Бросьте нам его сердце, или Они хотят человечины 2
Михаил Монастырский
В биологии понятия «людоед» и «каннибал» не тождественны. Людоед – всякое животное, поедающее человека. Вопрос о причинах, вызывающих людоедство, не разъяснён вполне и по настоящее время. А вот что касается зрелищ – тут всё ясно!
Прошёл тяжелейший год в жизни Ассоль с тех пор, как она подписала в кабинете у Нелли тот проклятый договор. Тогда она впервые узнала, что в современном реальном мире, а не в кино, некоторые люди с большим удовольствием едят других людей, доведённых сложившимися обстоятельствами до крайности, когда человек добровольно готов отдать всего себя или часть своего тела для приготовления фирменного блюда в ресторане "Съедобный брат". Эта новость, из уст Нелли, была для Ассоль невообразимой и просто убийственной.
Она ясно помнила тот кошмарный день и тот до жути честный, до боли отрезвляющий, раздирающий ей душу, вывернувший мир наизнанку разговор с хозяйкой ресторана. Тогда их беседа, как и сама Нелли, казались самым-самым страшным сном. Ассоль хотела скорее проснуться, но она не спала.
Как они обсудили, расписанные в договоре условия, через три дня, Неллей подкормленные деньжатами пластические хирурги одного из госпиталей, аккуратненько вырезали у Ассоль обе груди, которые в тот же вечер были приготовлены лично шеф-поваром ресторана, и искусно поданы на стол, как эксклюзивное блюдо, постоянным клиентам – шайке миллионеров, отмечающих мальчишник.
Через полгода Нелли, как и обещала своей юной и сразу приглянувшейся ей клиентке Ассоль, помогла недорого договориться насчёт имплантов, вернув её внешний вид.

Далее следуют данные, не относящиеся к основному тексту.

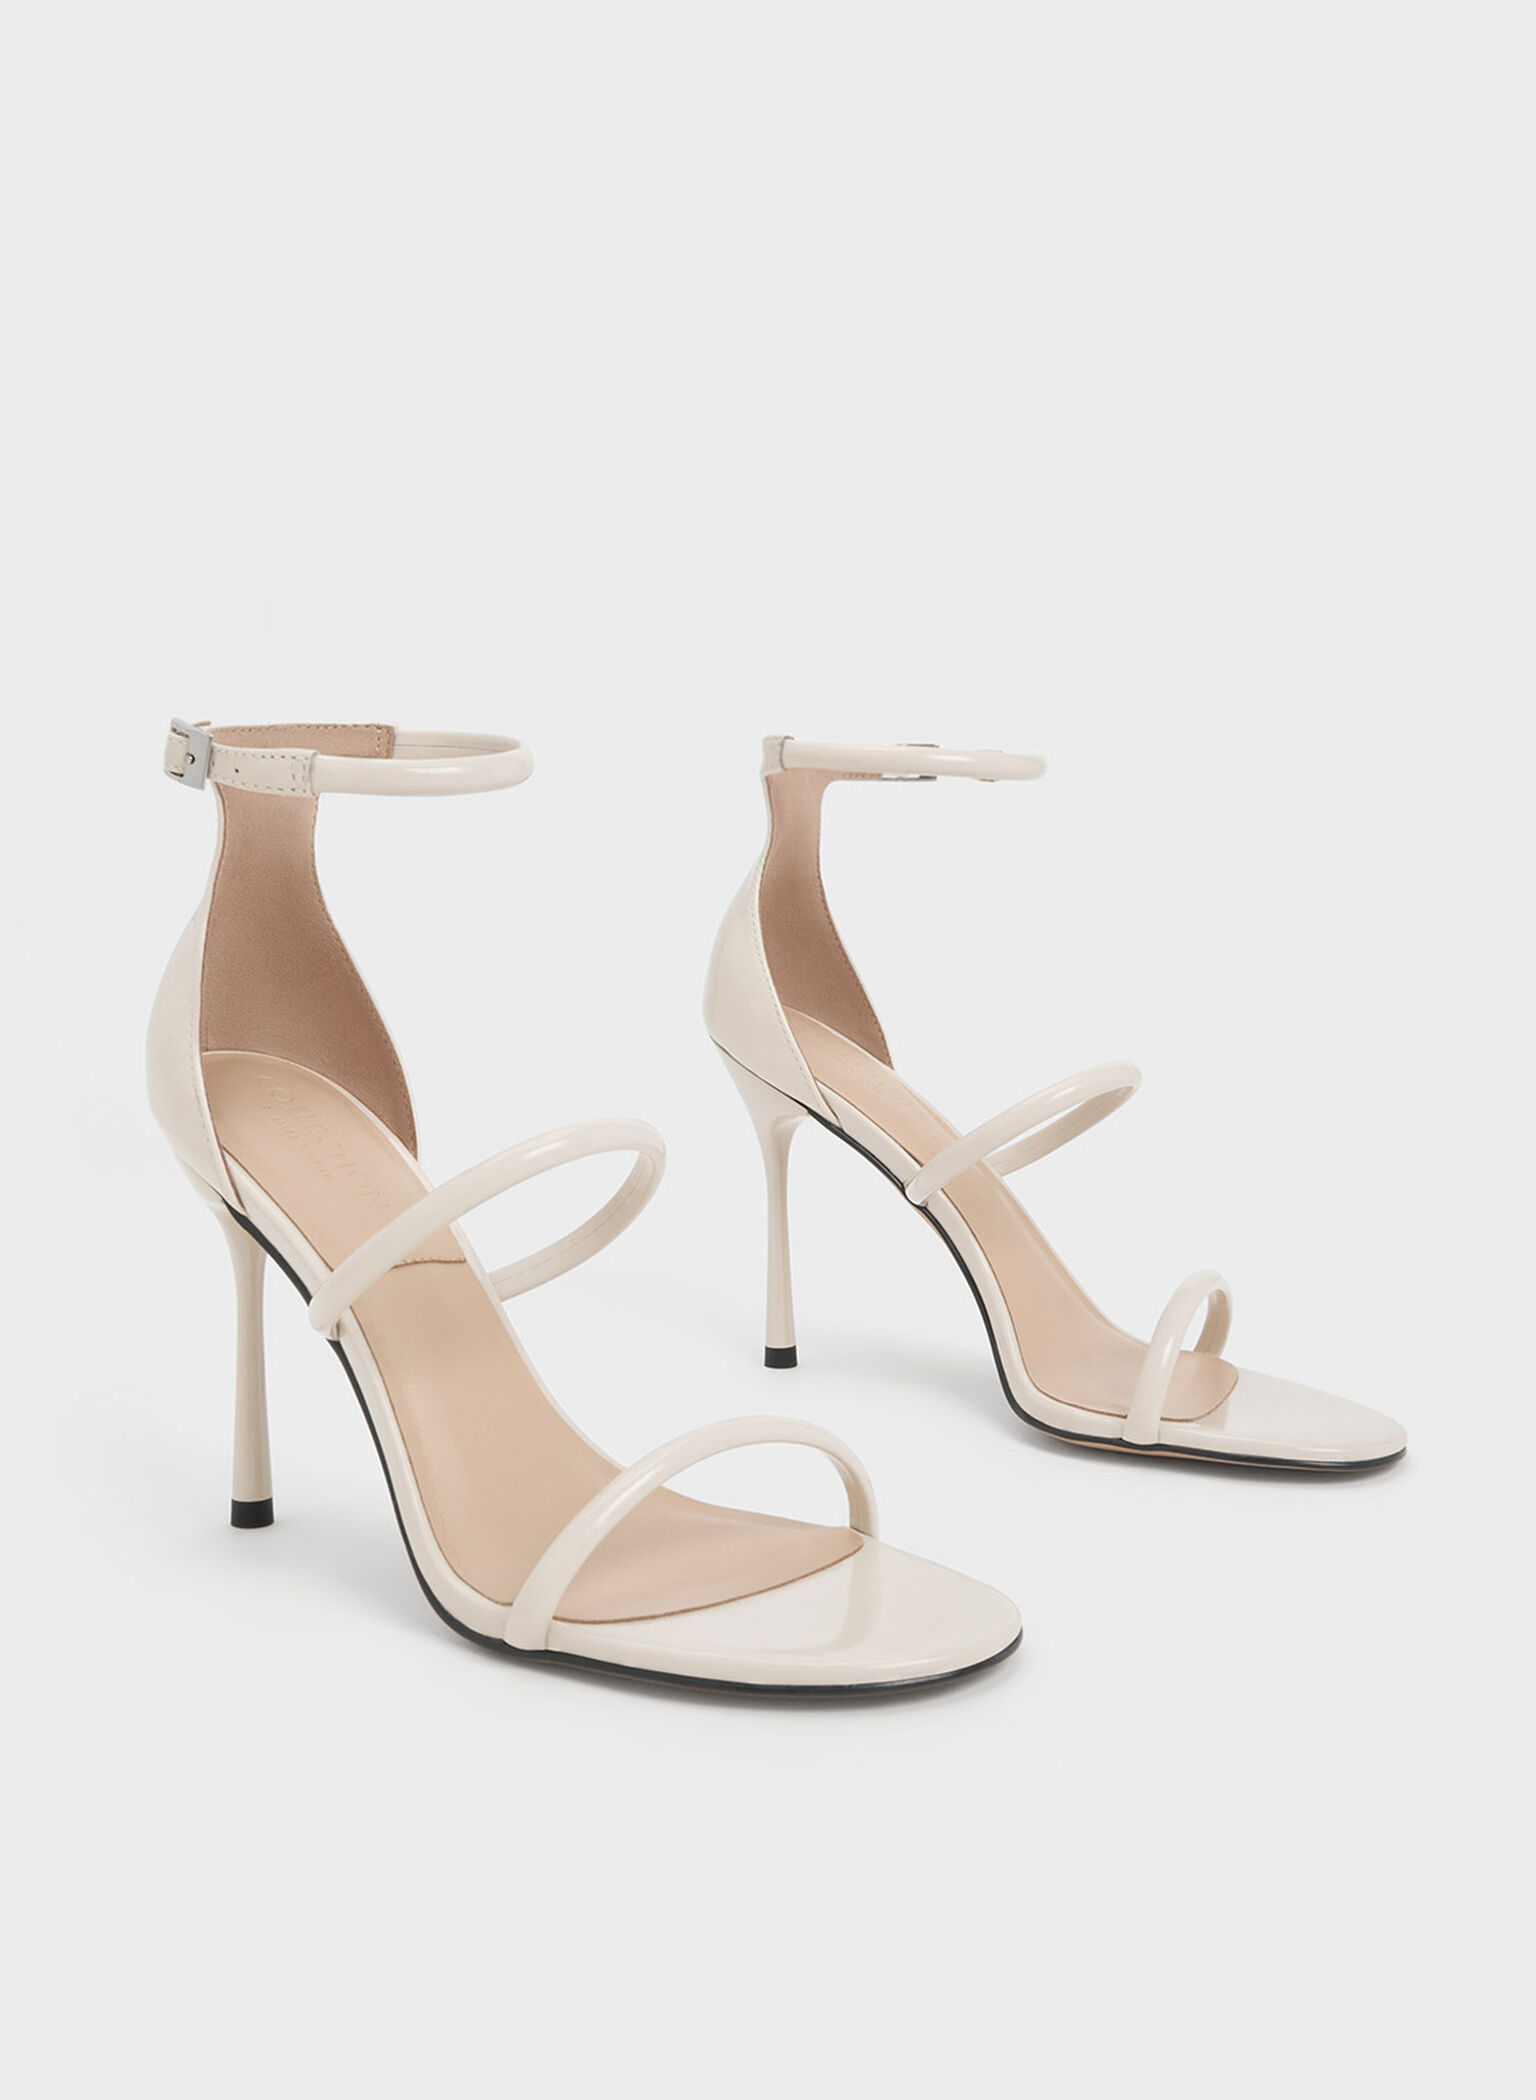 Chalk Patent Leather Triple Strap Heeled Sandals - CHARLES & KEITH SG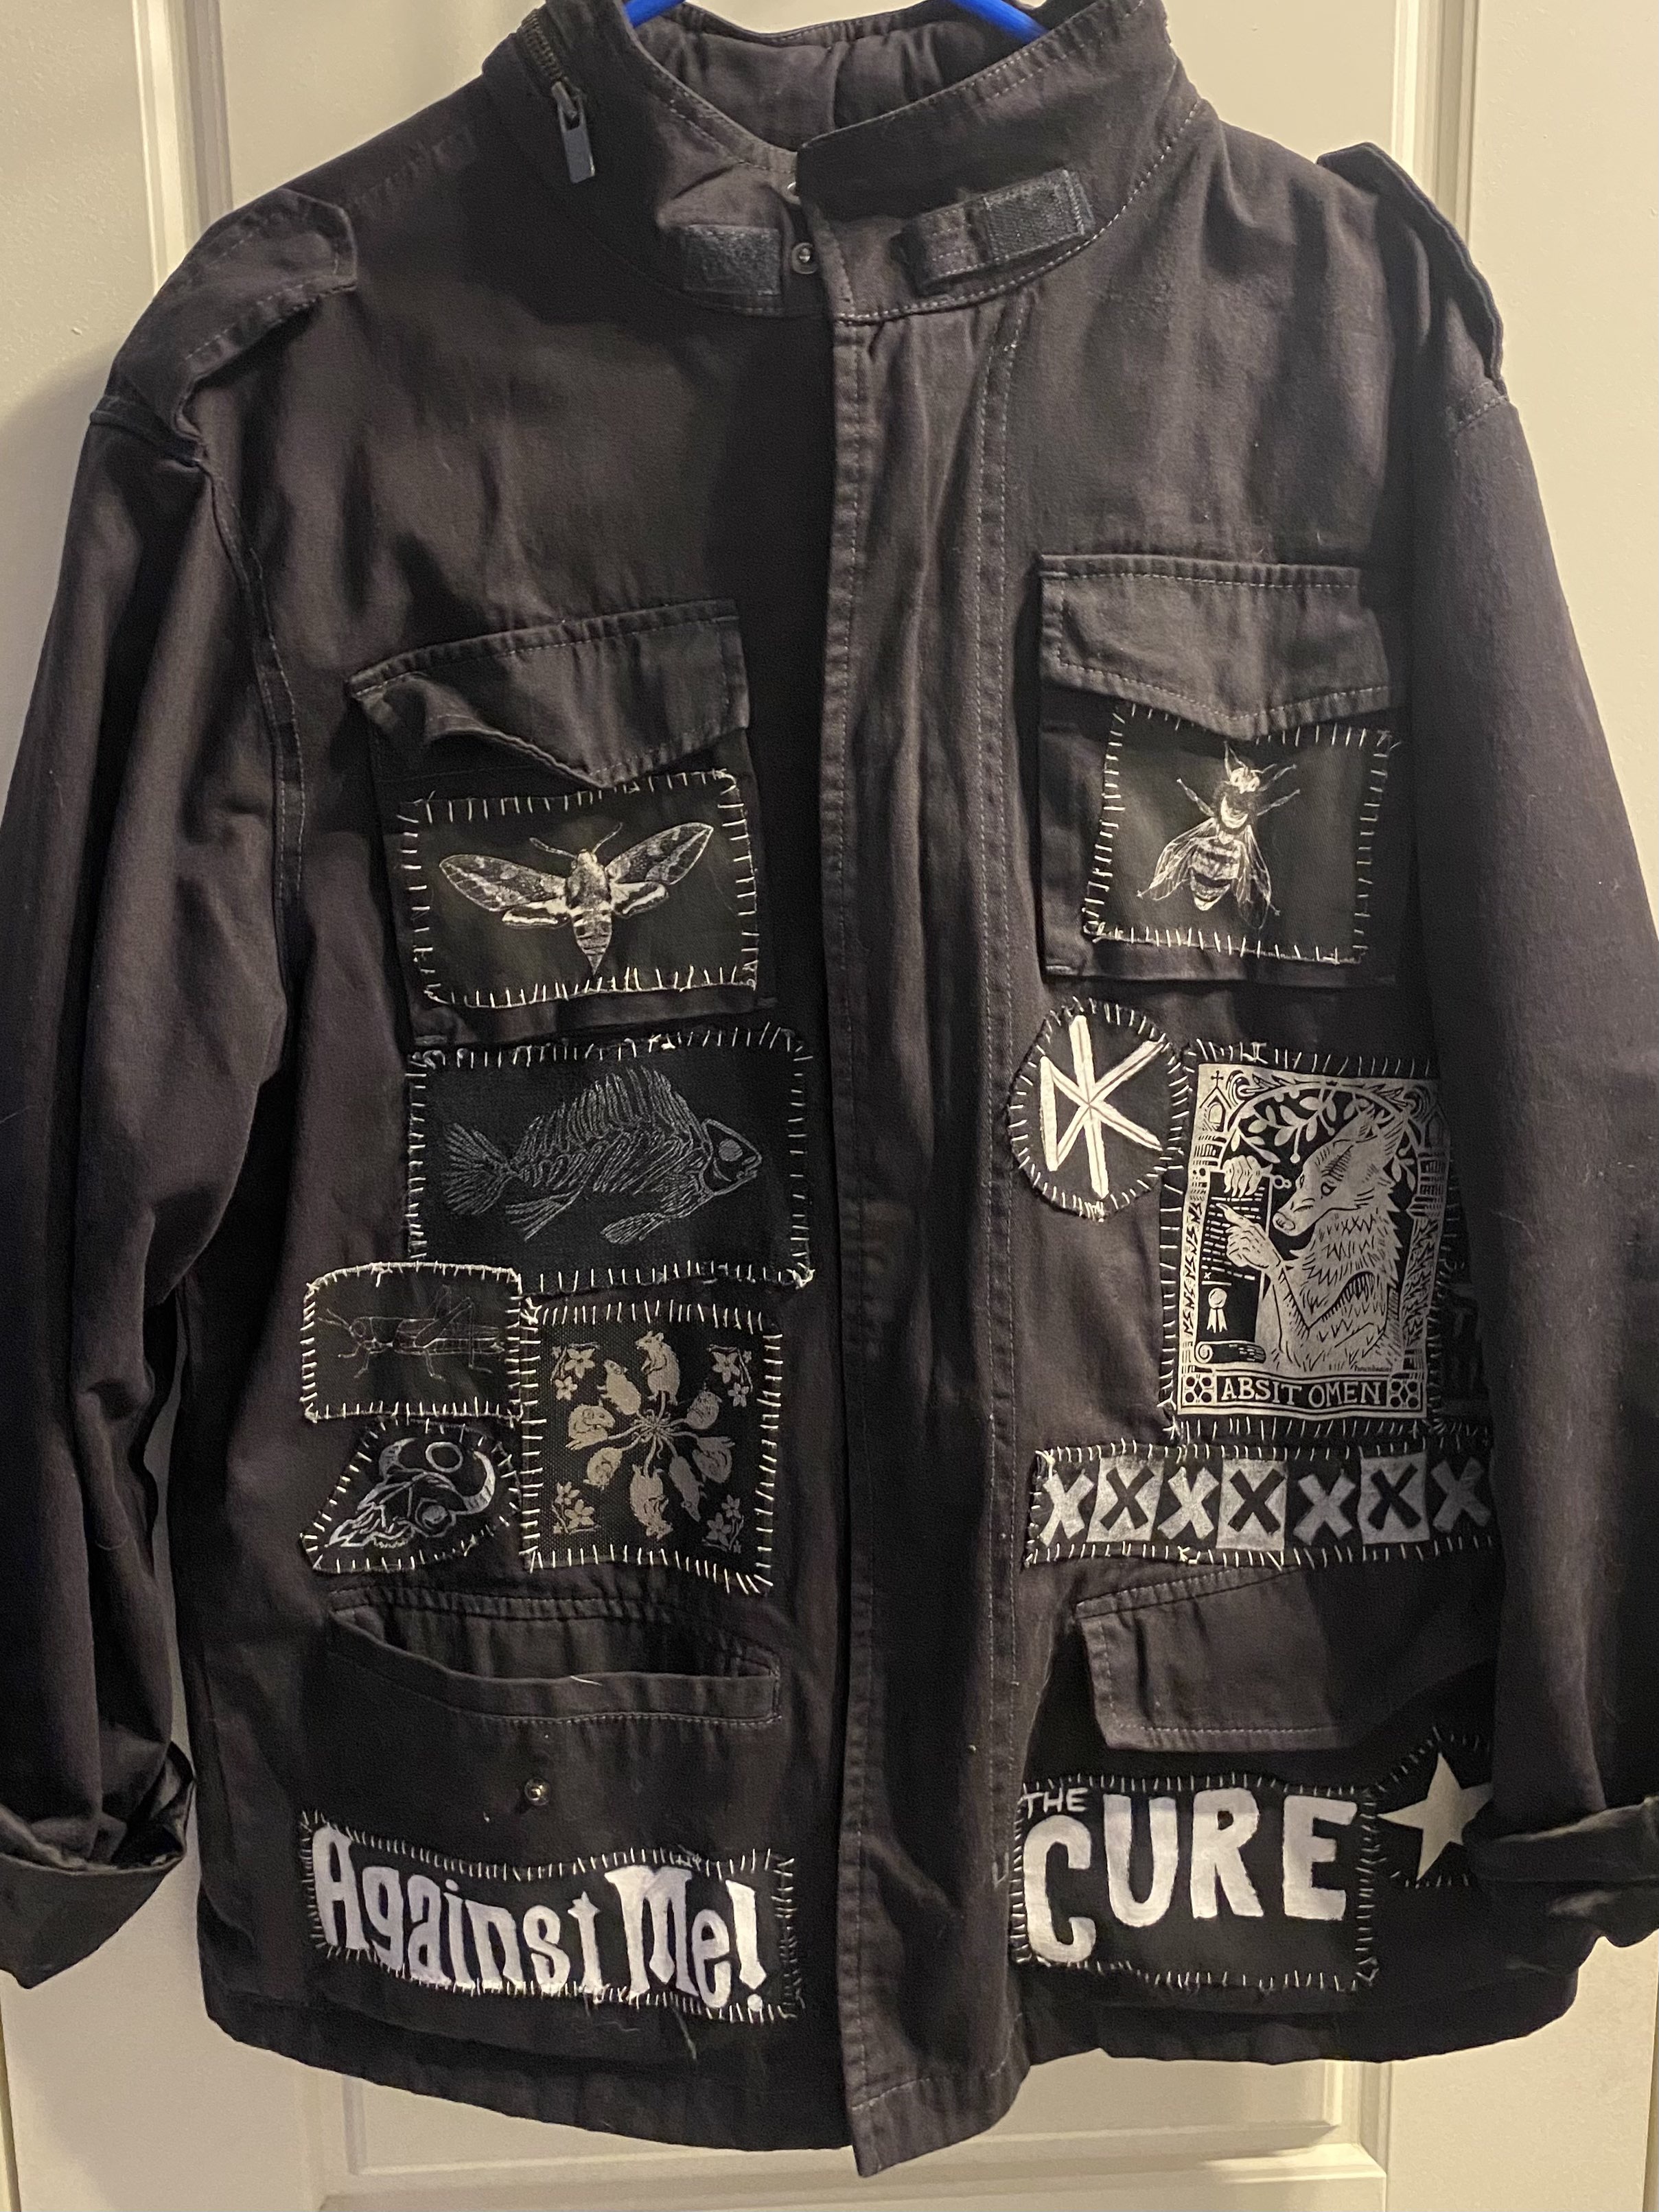 The front of a black jacket with several hand-sewn patches

Только она не смогла воскресить ей единственного годовалого сына, сумевшего прожить после операции на сердце не более двух месяцев. Но этого Нелли и не обещала. Она решила её вопрос, выручив деньгами, на тот момент необходимыми для спасения малыша, ради которого и началась эта история. Утрата сына, потеря веры в жизнь, разрушение картины мира, сформированное за двадцать пять лет жизни, целиком и полностью изменили Ассоль за полгода. Звериная злость и неутолимая ничем жажда мести навечно растворились, будто ядовитые лекарства, в крови Ассоль. А, её скорбь, как раскалённый металл, прожгла на сердце клеймо, постоянно напоминающее о пережитом.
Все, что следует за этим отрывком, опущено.